Someone had to say it.  I know this will be controversial and I welcome your comments but in my opinion R is not the best way to learn data science and not the best way to practice it either.

 

Why Should We Care What Language You Use For Data Science

Here’s why this rises to the top of my thoughts.  Recently my local Meetup had a very well attended hackathon to walk people through the Titanic dataset using R.  The turnout was much higher than I expected which was gratifying.  The result, not so much.

Not everyone in the audience was a beginner and many were folks who had probably been exposed to R at some point but were just out of practice.  What struck me was how everyone was getting caught up in the syntax of each command, which is reasonably complex, and how many commands were necessary for example, to run the simplest decision tree.

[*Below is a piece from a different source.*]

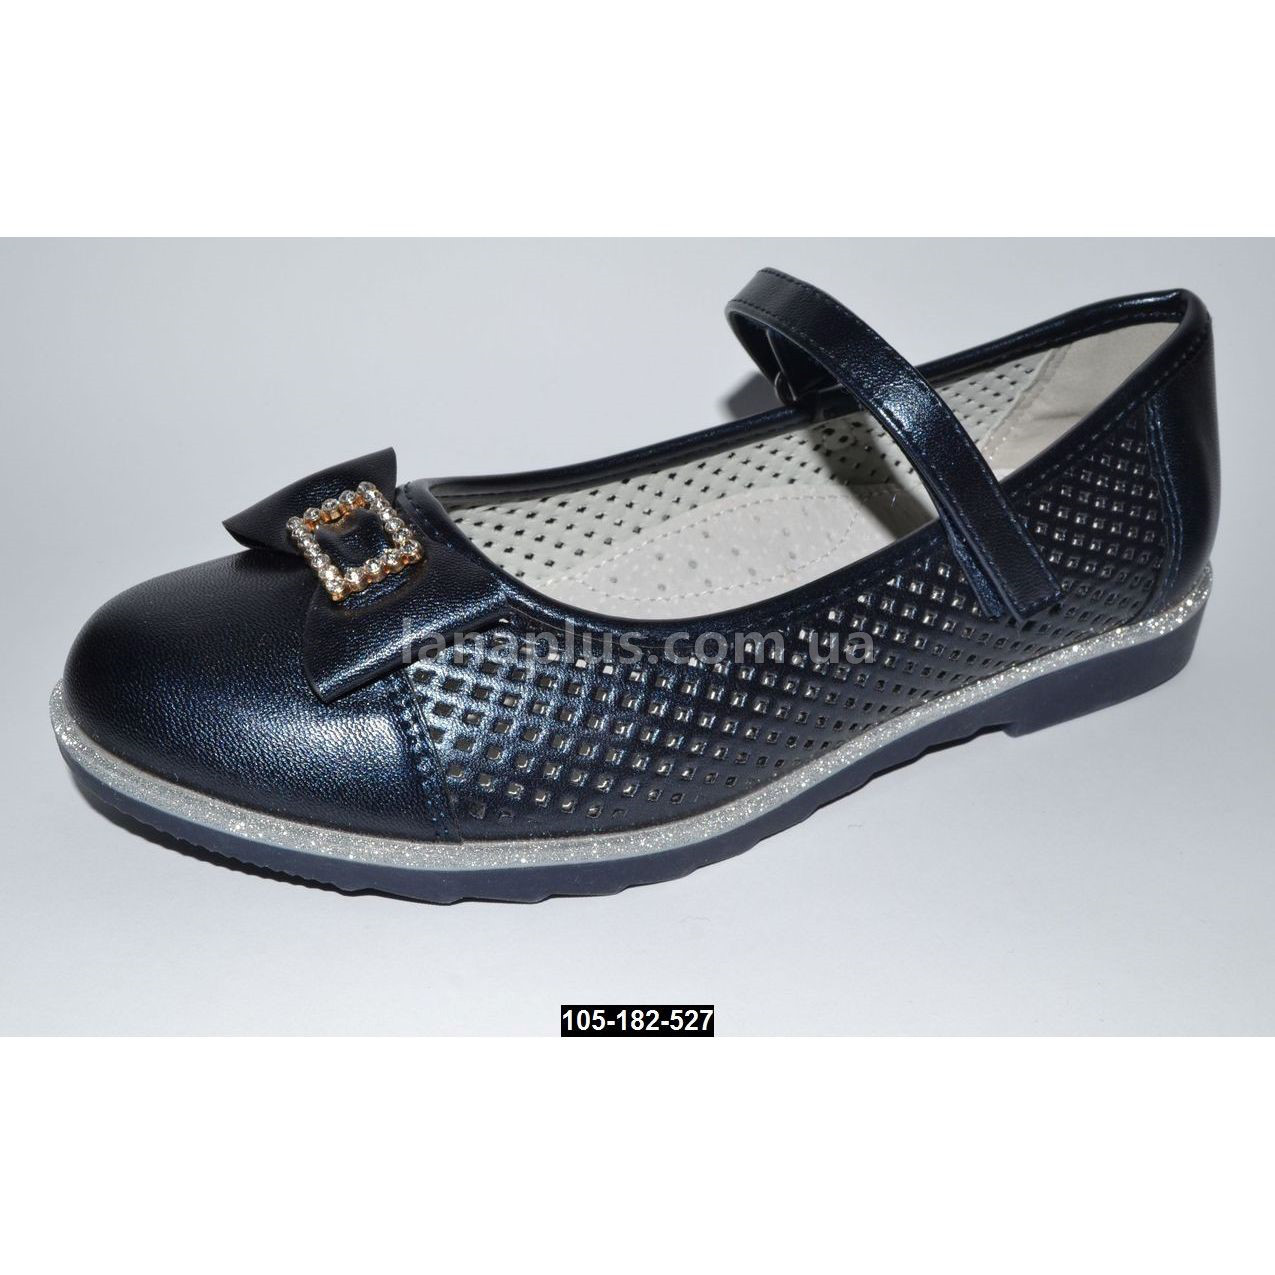 Нарядные облегченные туфли для девочки, 34-35 размер, кожаная стелька, супинатор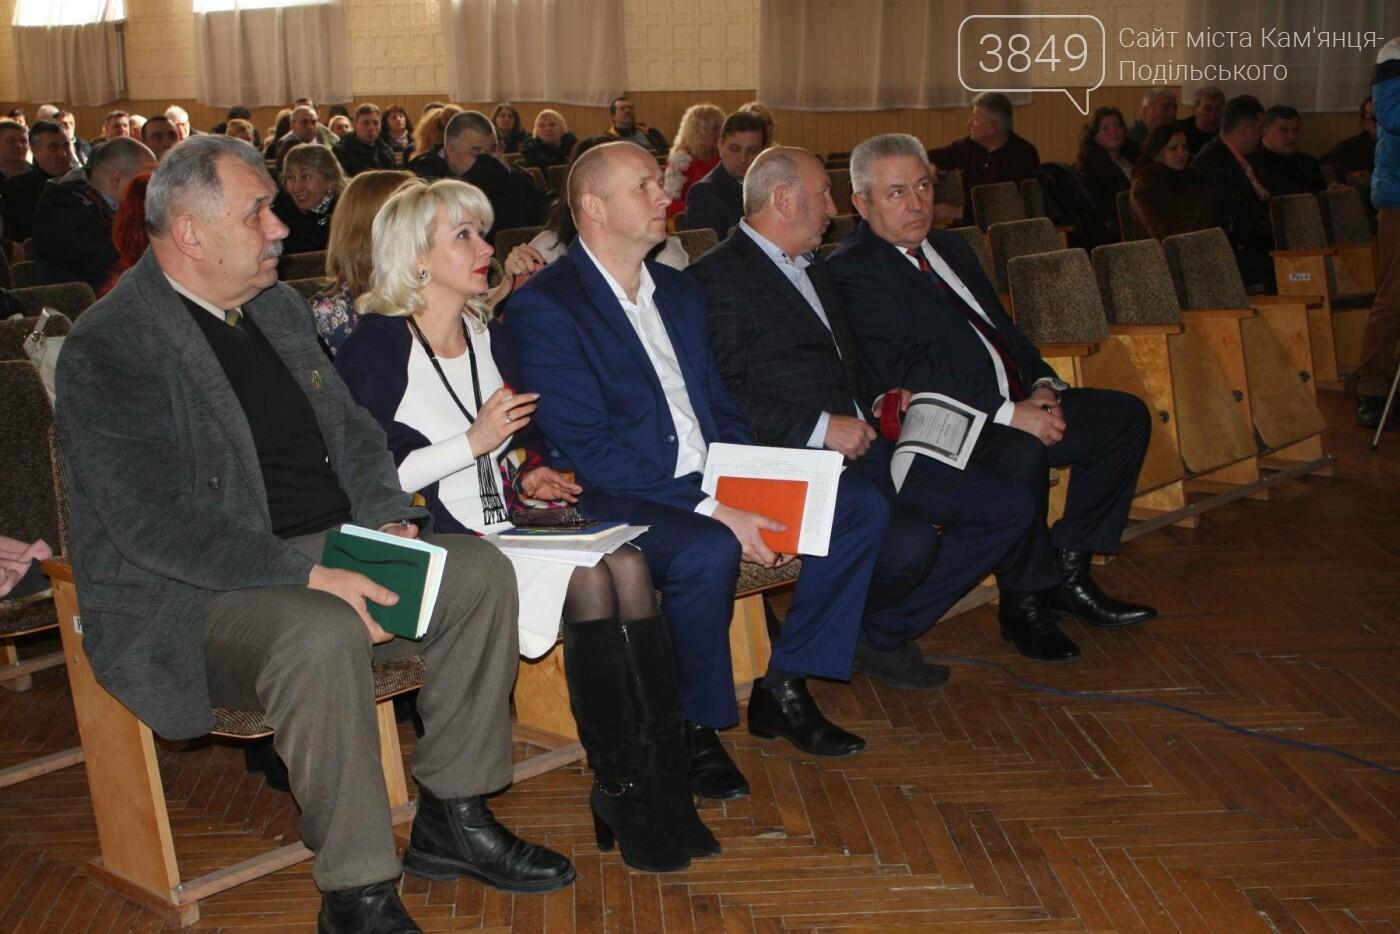 Подільський державний аграрно-технічний університет отримав нагороду «Золотий символ якості національних товарів та послуг», фото-11

Worse, it was as though they were learning a programming language and not the data science.  There was little or no conversation or questioning around cleansing, prep, transforms, feature engineering, feature selection, model selection, and absolutely none about about hyperparameter tuning.  In short, I am convinced that group left thinking that data science is about a programming language whose syntax they had to master, and not about the underlying major issues in preparing a worthwhile model.

 

Personal Experience

I have been a practicing data scientist with an emphasis on predictive modeling for about 16 years.  I know enough R to be dangerous but when I want to build a model I reach for my SAS Enterprise Miner (could just as easily be SPSS, Rapid Miner or one of the other complete platforms). 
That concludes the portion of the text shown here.